(DATA SEGMENT)
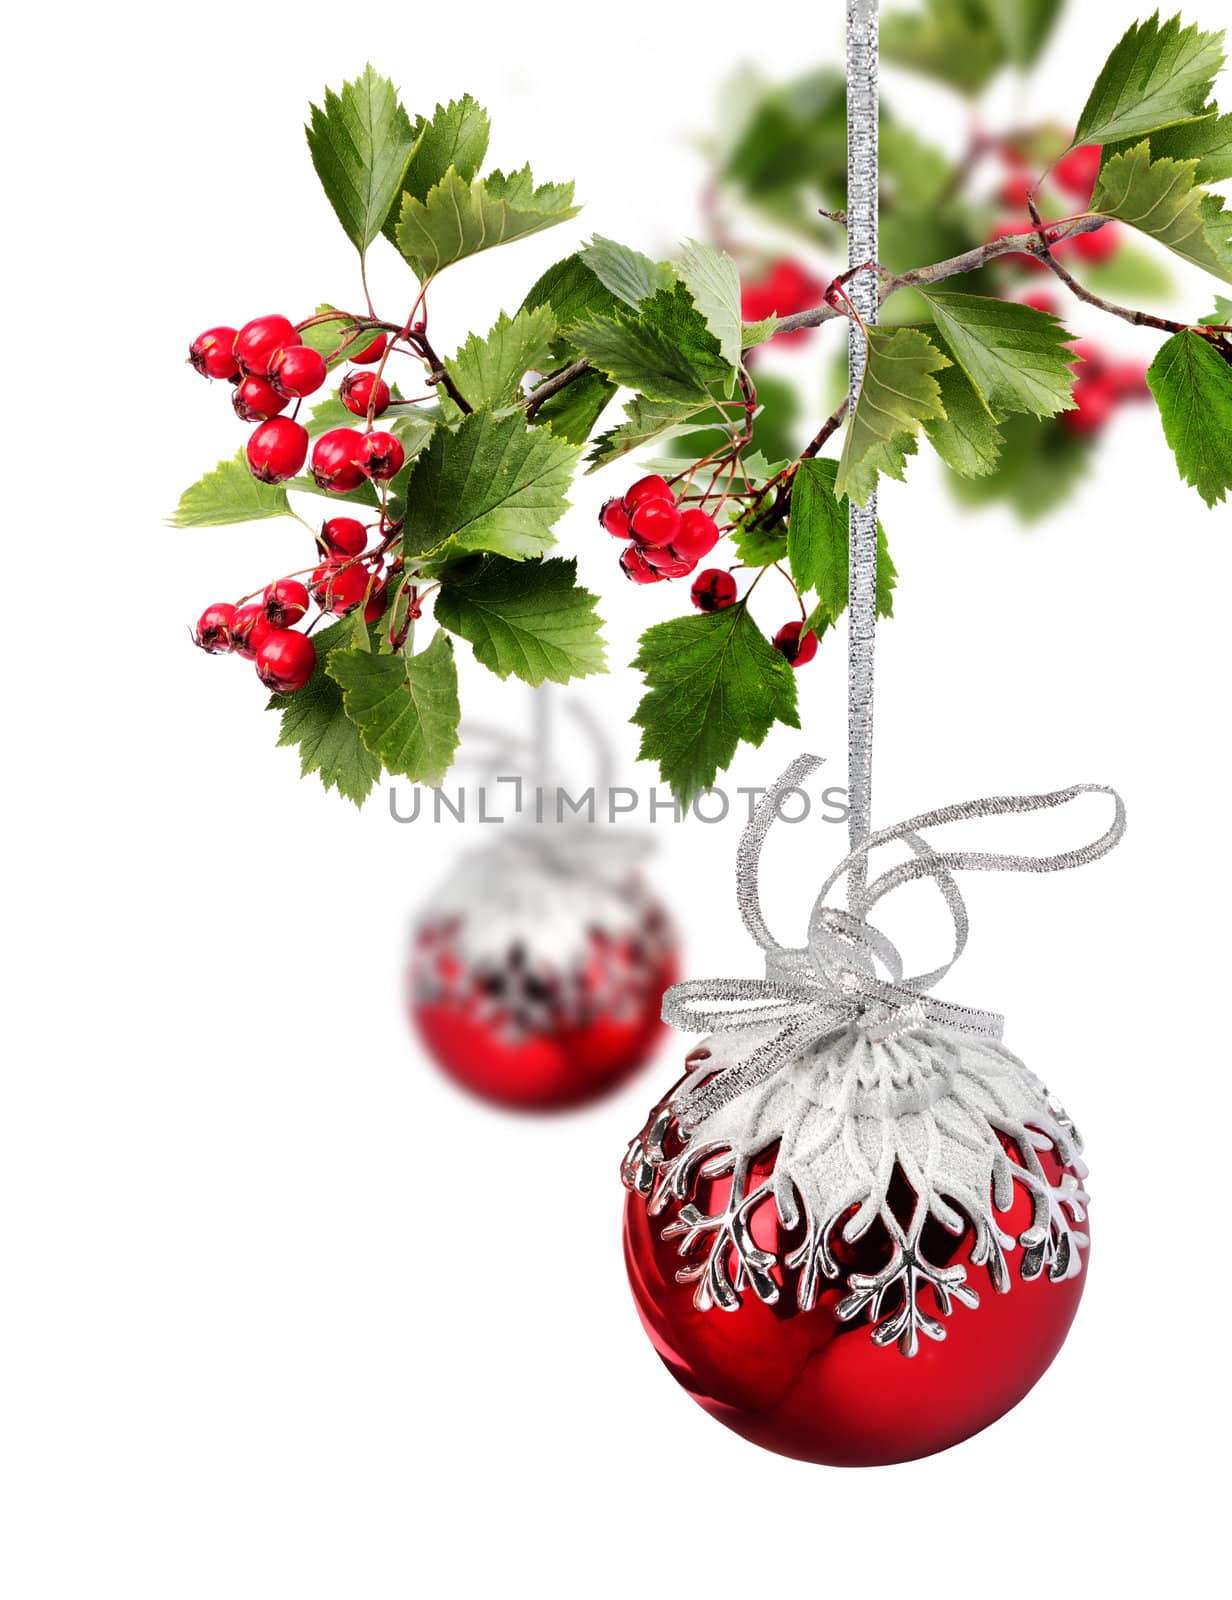 Red Christmas balls with hawthorn berries branch, isolated on white
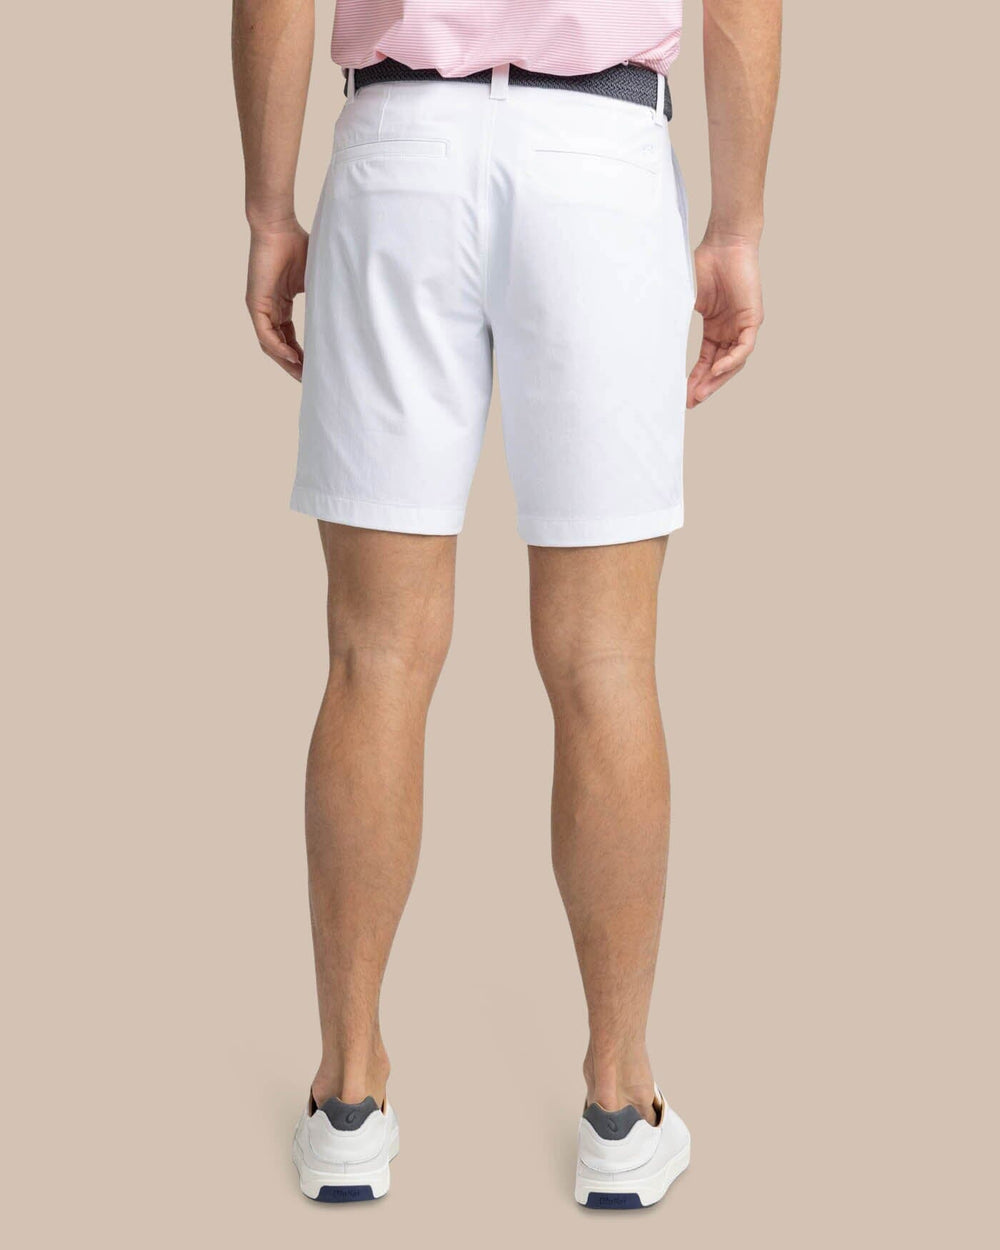 The back view of the Southern Tide gulf 8 inch brrr die performance short by Southern Tide - Classic White
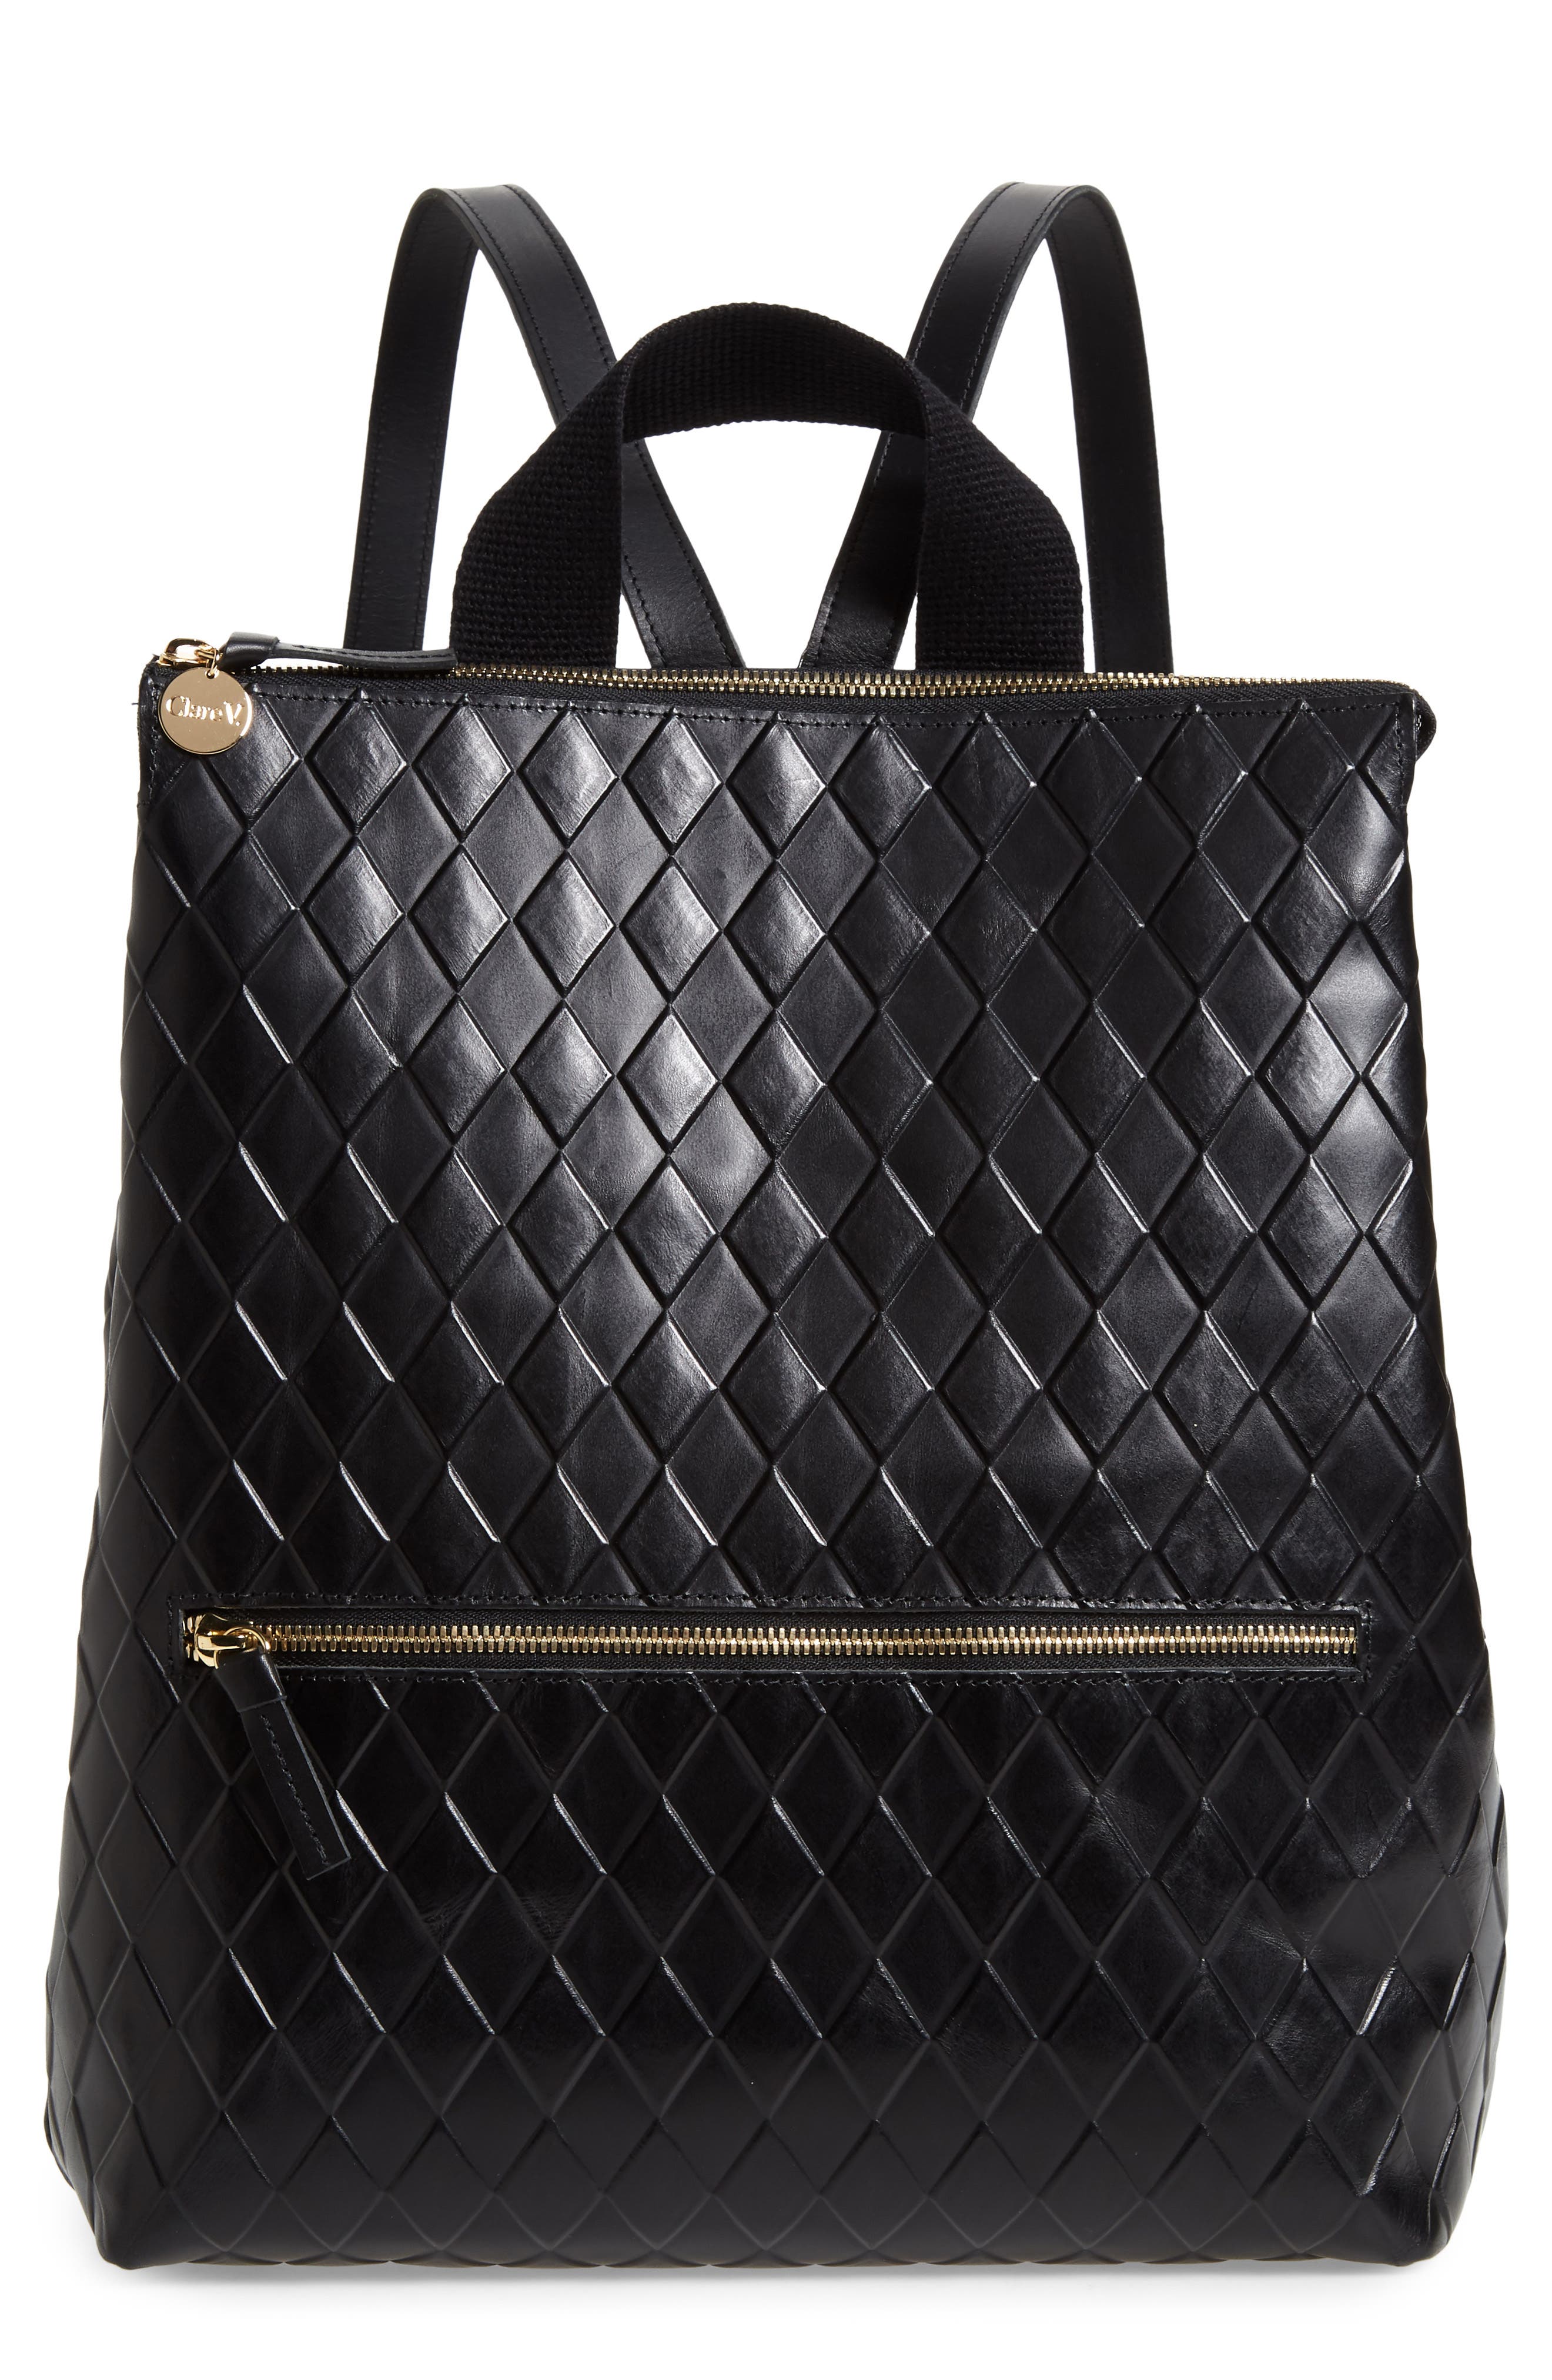 CLARE V REMI WOVEN LEATHER BACKPACK,810040411151

(EXERCISE BRIEF)
Working from the line containing "The back view" to the last line of the data, retype every line exactly, both ends included, and leave out all pictures.

(TASK RESPONSE)
 The back view of the Southern Tide gulf 8 inch brrr die performance short by Southern Tide - Classic White
 CLARE V REMI WOVEN LEATHER BACKPACK,810040411151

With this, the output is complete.